> [Task brief]: Leaving out the images, repeat all the lines below exactly.

Supplied information Block Start

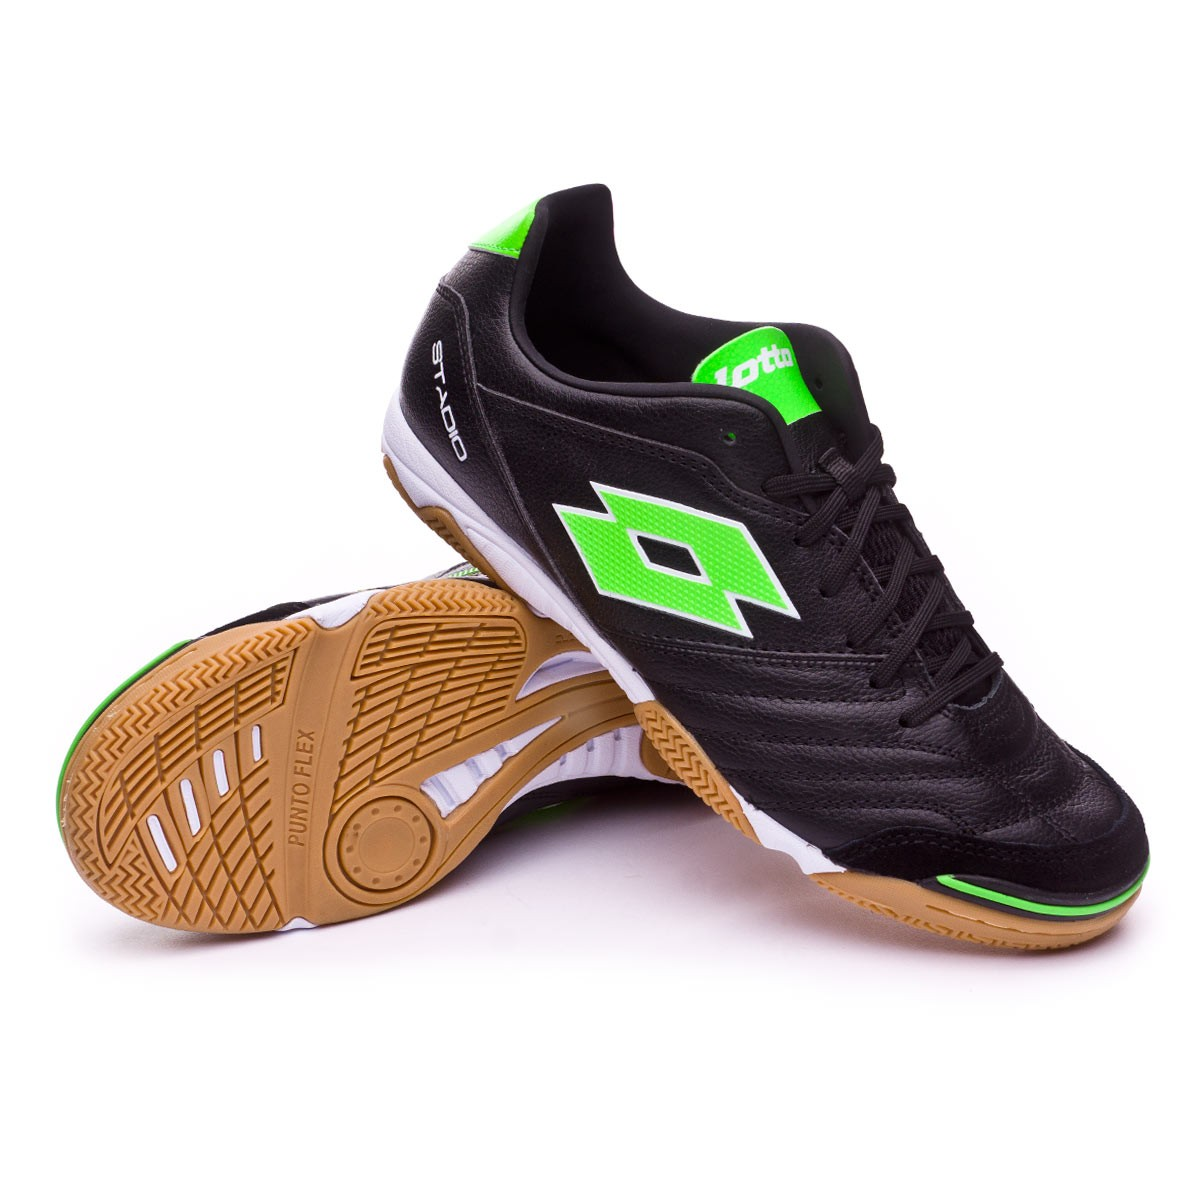 b21751e2e Futsal Boot Lotto Stadio 300 II ID Black-Mint - Football store Fútbol  Emotion
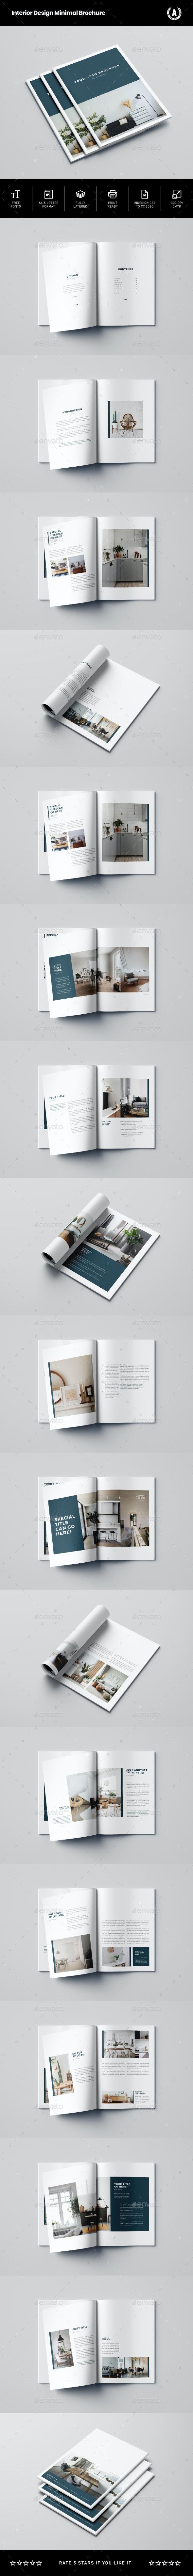 Interior Design Minimal Brochure - Brochures Print Templates
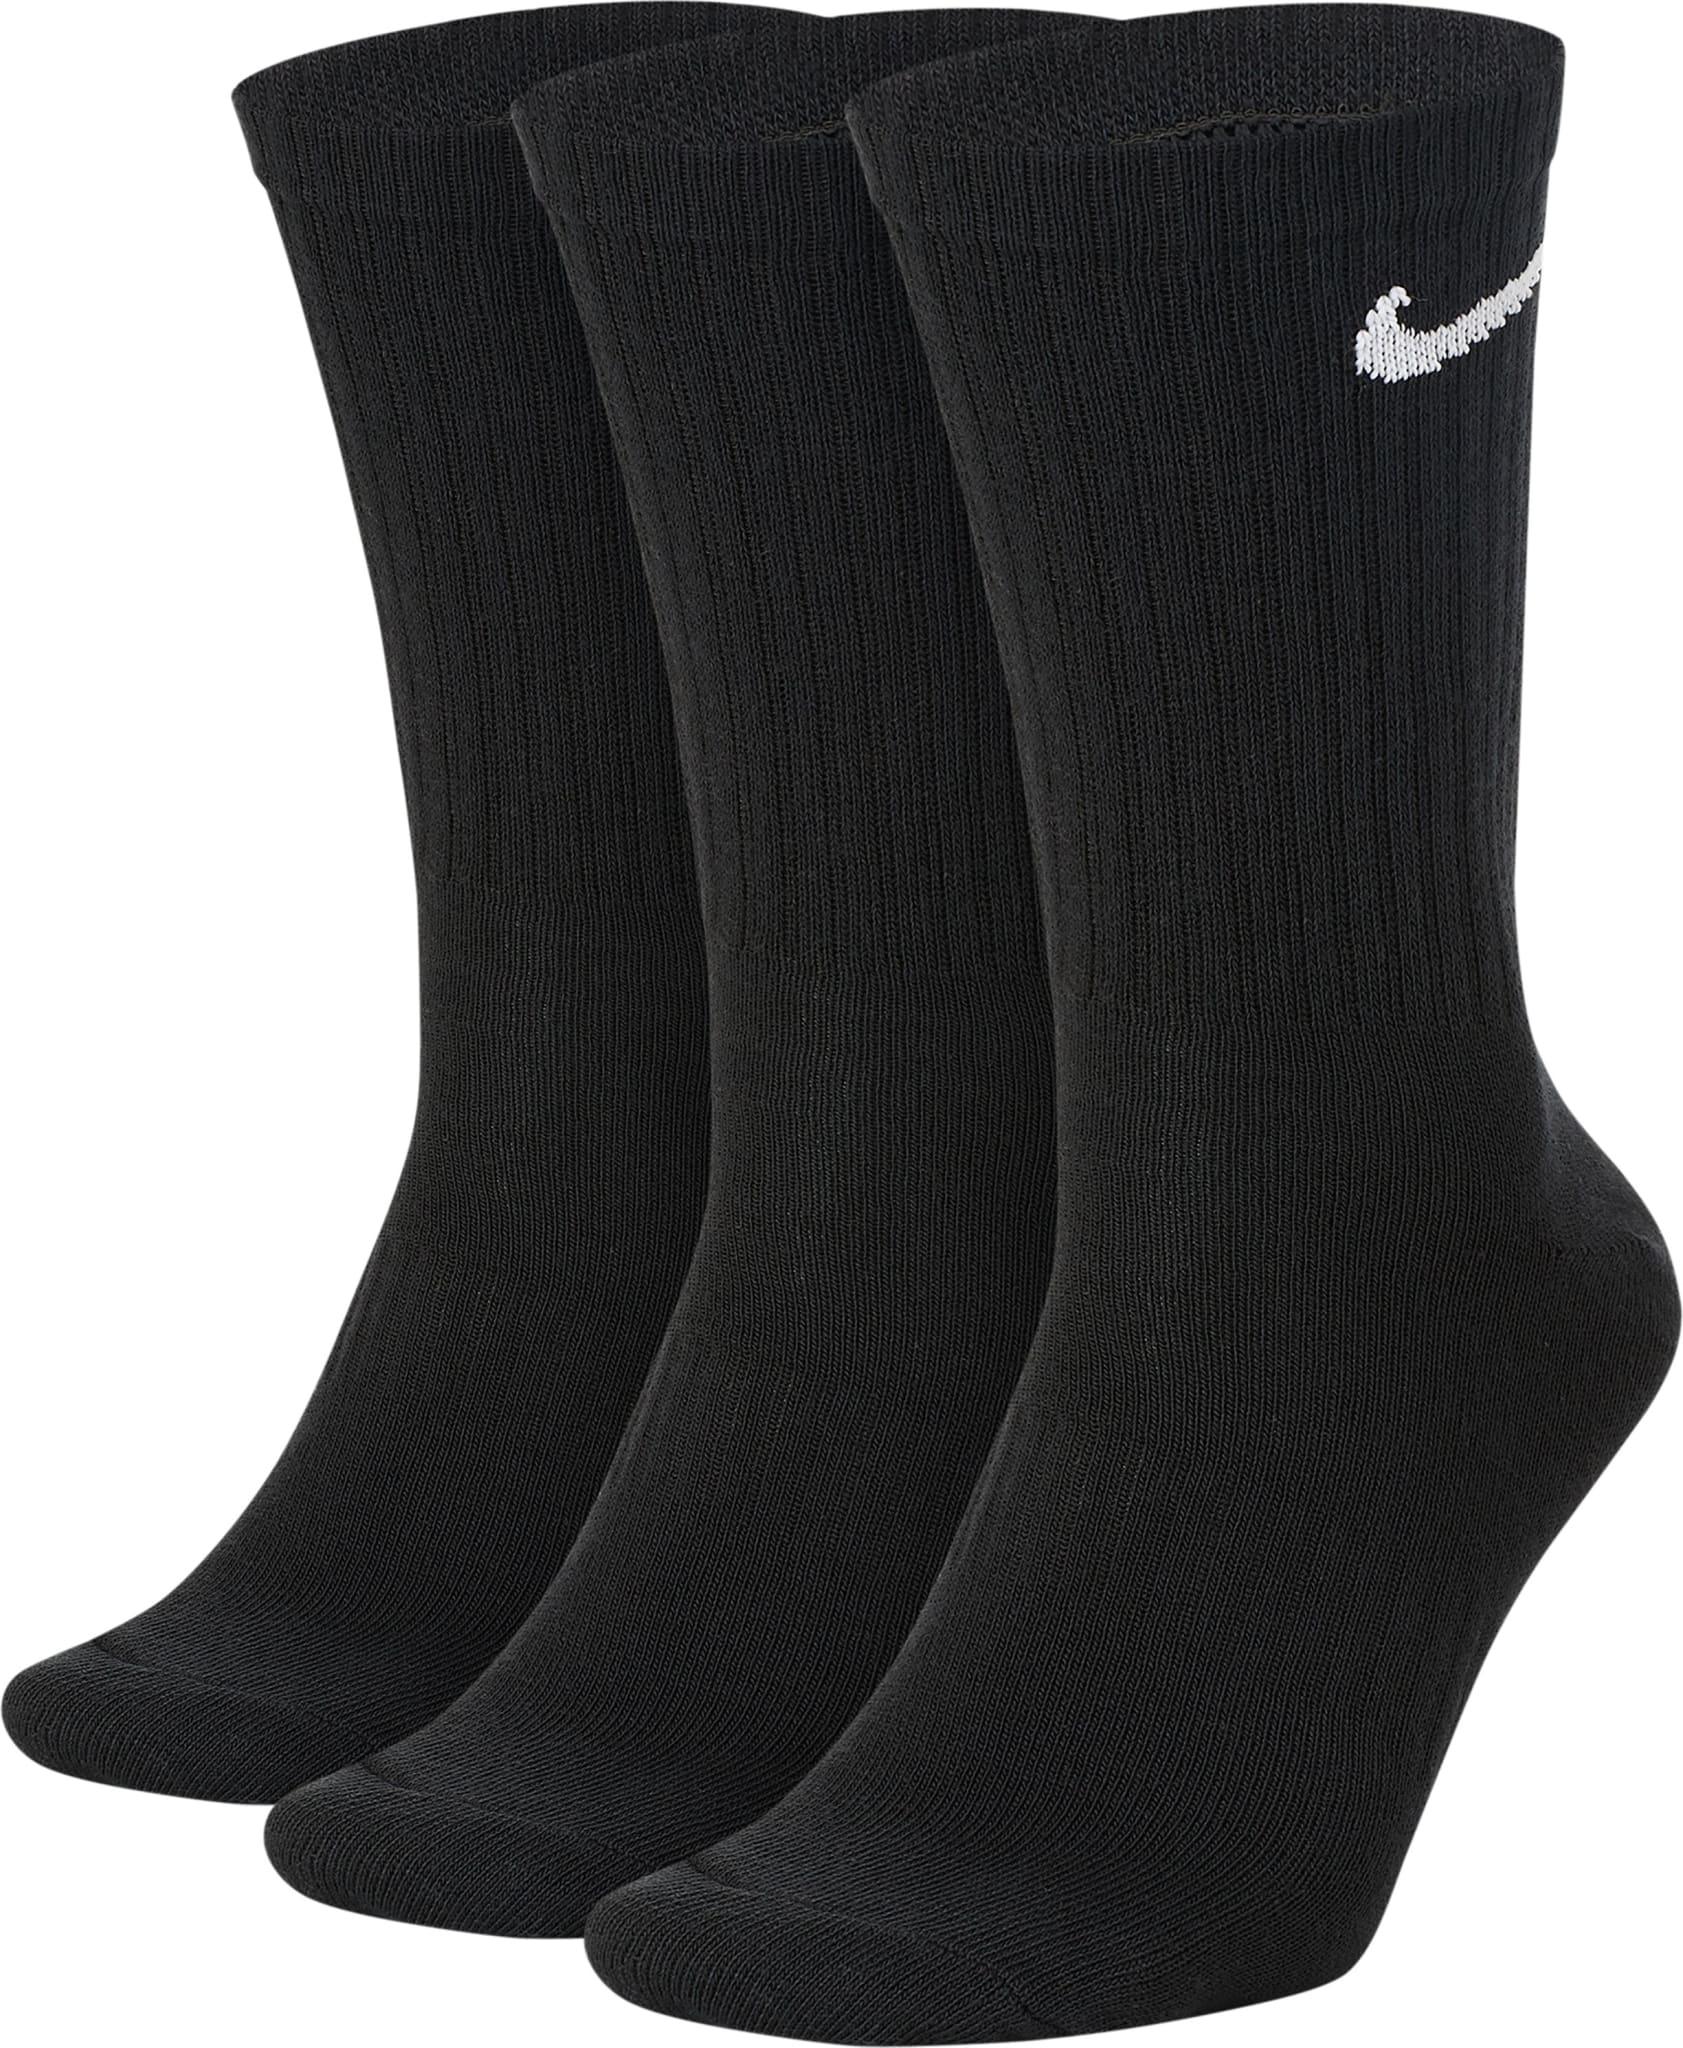 Nike Everyday Lightweight 3-Pack Training Socks

Supplied information Block End

> [Result]:
 b21751e2e Futsal Boot Lotto Stadio 300 II ID Black-Mint - Football store Fútbol  Emotion
 Interior Design Minimal Brochure - Brochures Print Templates
 Nike Everyday Lightweight 3-Pack Training Socks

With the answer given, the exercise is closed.